How it ships data. It publishes to the bus on probectl.flow.events; the control plane's flow consumer verifies the tenant, optionally enriches ASN/geo, and writes rows into ClickHouse. Infra it needs: the message bus (bus.mode: kafka → Kafka) and ClickHouse. A single-node dev box can set bus.mode: memory instead.

Deploy it.

probectl-flow-agent -config /etc/probectl/flow-agent.yml

Config template: deploy/agent/probectl-flow-agent.example.yml. Full plane walkthrough, the OTel field mapping, sampling correction, and the query API: flow analytics.

Device / streaming telemetry — `probectl-device-agent`

What it observes. The health of the switches and routers themselves — interface counters and oper-status, CPU, memory, and (opt-in) temperatures — straight from the gear. It speaks two protocols and normalizes both into one DeviceMetric with identical metric names: SNMP (v2c or v3, the agent polls on an interval) and gNMI / OpenConfig (the device streams updates over a TLS gRPC channel).

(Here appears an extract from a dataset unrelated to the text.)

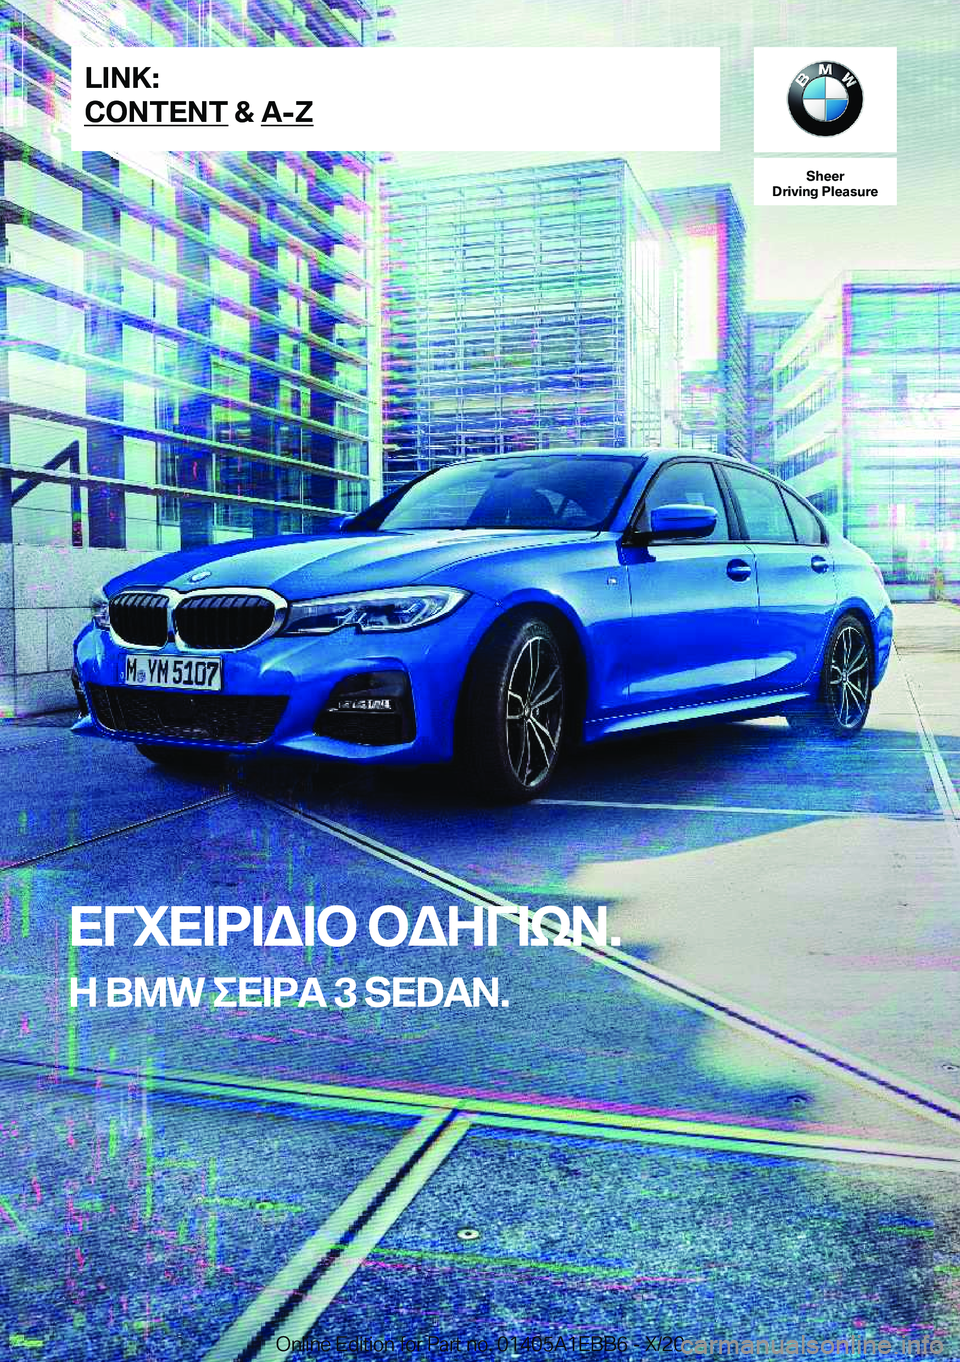 BMW 3 SERIES 2021  ΟΔΗΓΌΣ ΧΡΉΣΗΣ (in Greek) �S�h�e�e�r
�D�r�i�v�i�n�g��P�l�e�a�s�u�r�e
XViX=d=W=b�bWZV=kA�.
�H��B�M�W�eX=dT��3��S�E�D�A�N�.�L�I�N�K�:
�C�O�N�T�E�N�T��&��A�-�Z�O�n�l�i�n�e��E�d�i�t�i�o�n��f�o�r��P

Where it runs. As a service with line-of-sight to the devices' management addresses. gNMI dials TLS with certificate verification on by default (system roots, or pin a private CA with ca_file); there is no skip-verify, and the lab-only plaintext opt-in is loudly logged. Credentials (SNMP communities, SNMPv3 passphrases, gNMI passwords) are referenced by name only and resolved at runtime — never written to config or git, never logged. A credential that resolves to nothing fails closed at startup.

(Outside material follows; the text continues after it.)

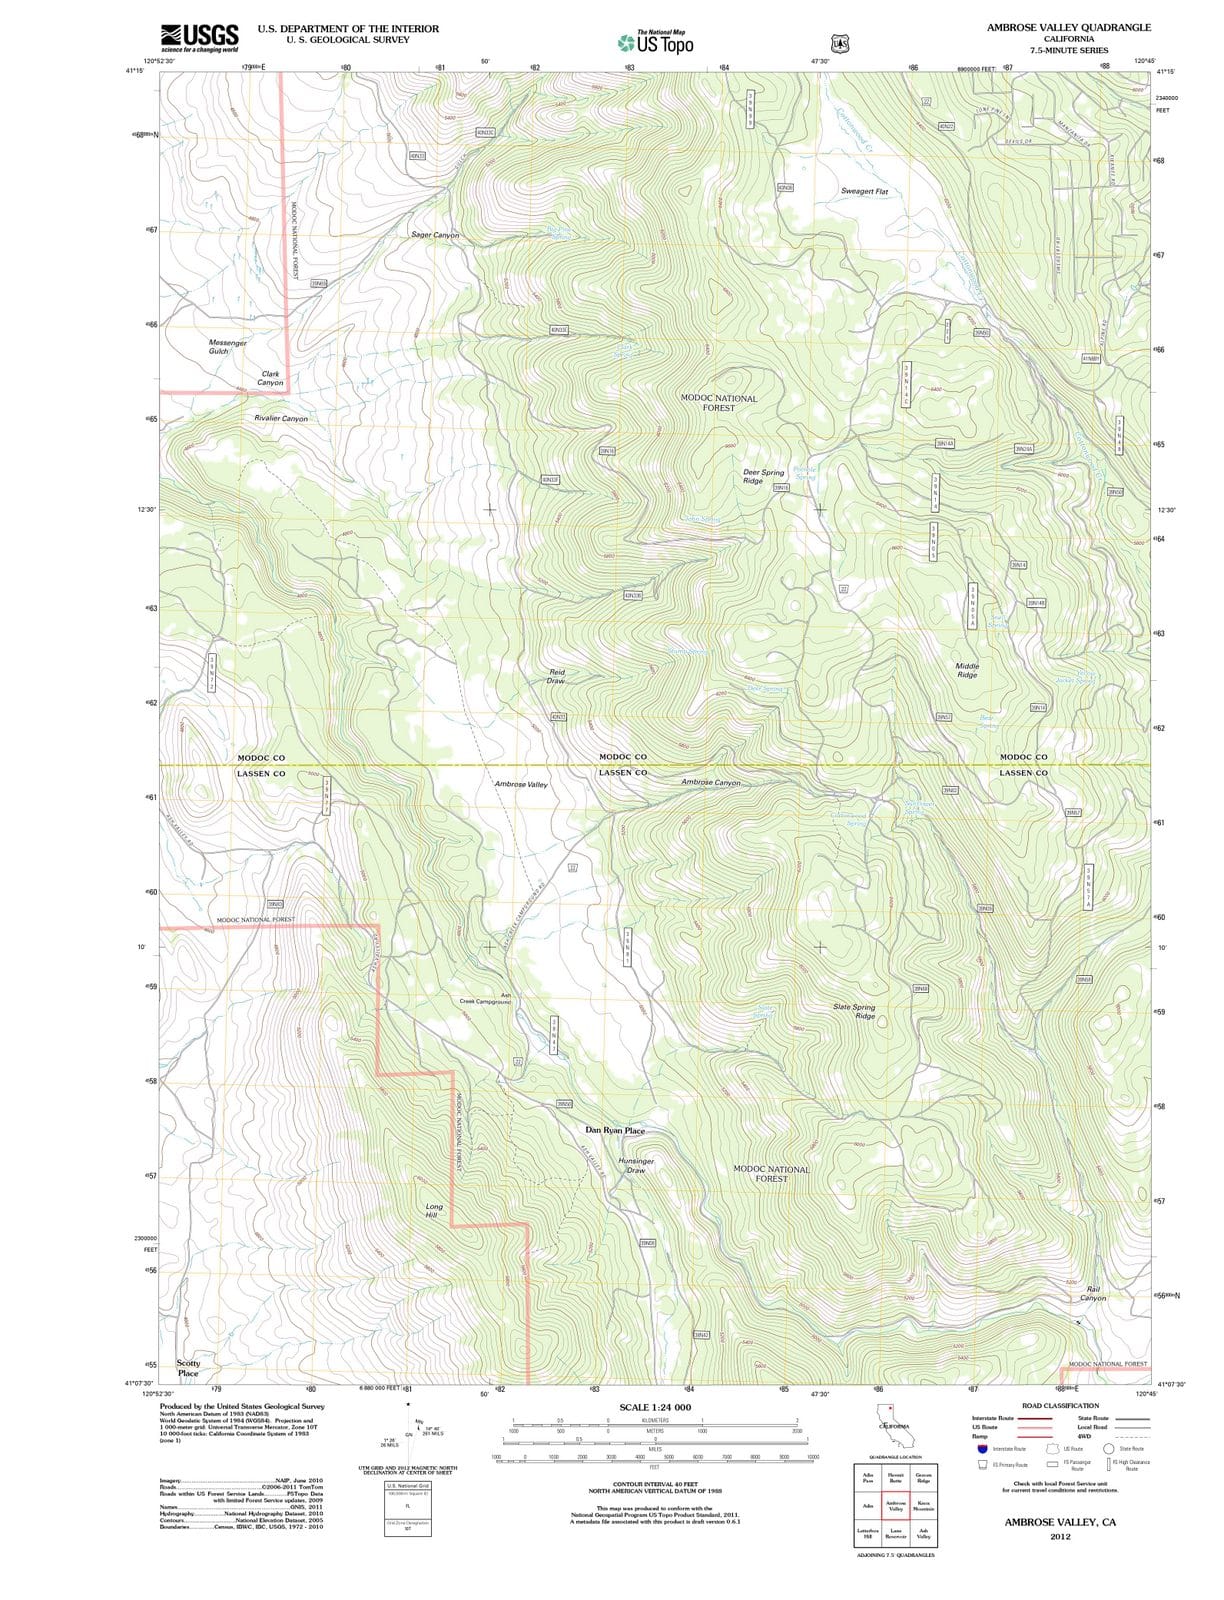 2012 Ambrose Valley, CA - California - USGS Topographic Map

How it ships data. It publishes to the bus on probectl.device.metrics; the control plane's device consumer lands the series in the time-series database. Infra it needs: the message bus (bus.mode: kafka → Kafka) (plus your TSDB, which the control plane already owns). Single-node dev: bus.mode: memory.

Deploy it.

probectl-device-agent -config /etc/probectl/device-agent.yml

Config template: deploy/agent/probectl-device-agent.example.yml. Metric catalog, the SNMP↔gNMI unification, FIPS notes, and how device interfaces correlate path and flow data: device telemetry.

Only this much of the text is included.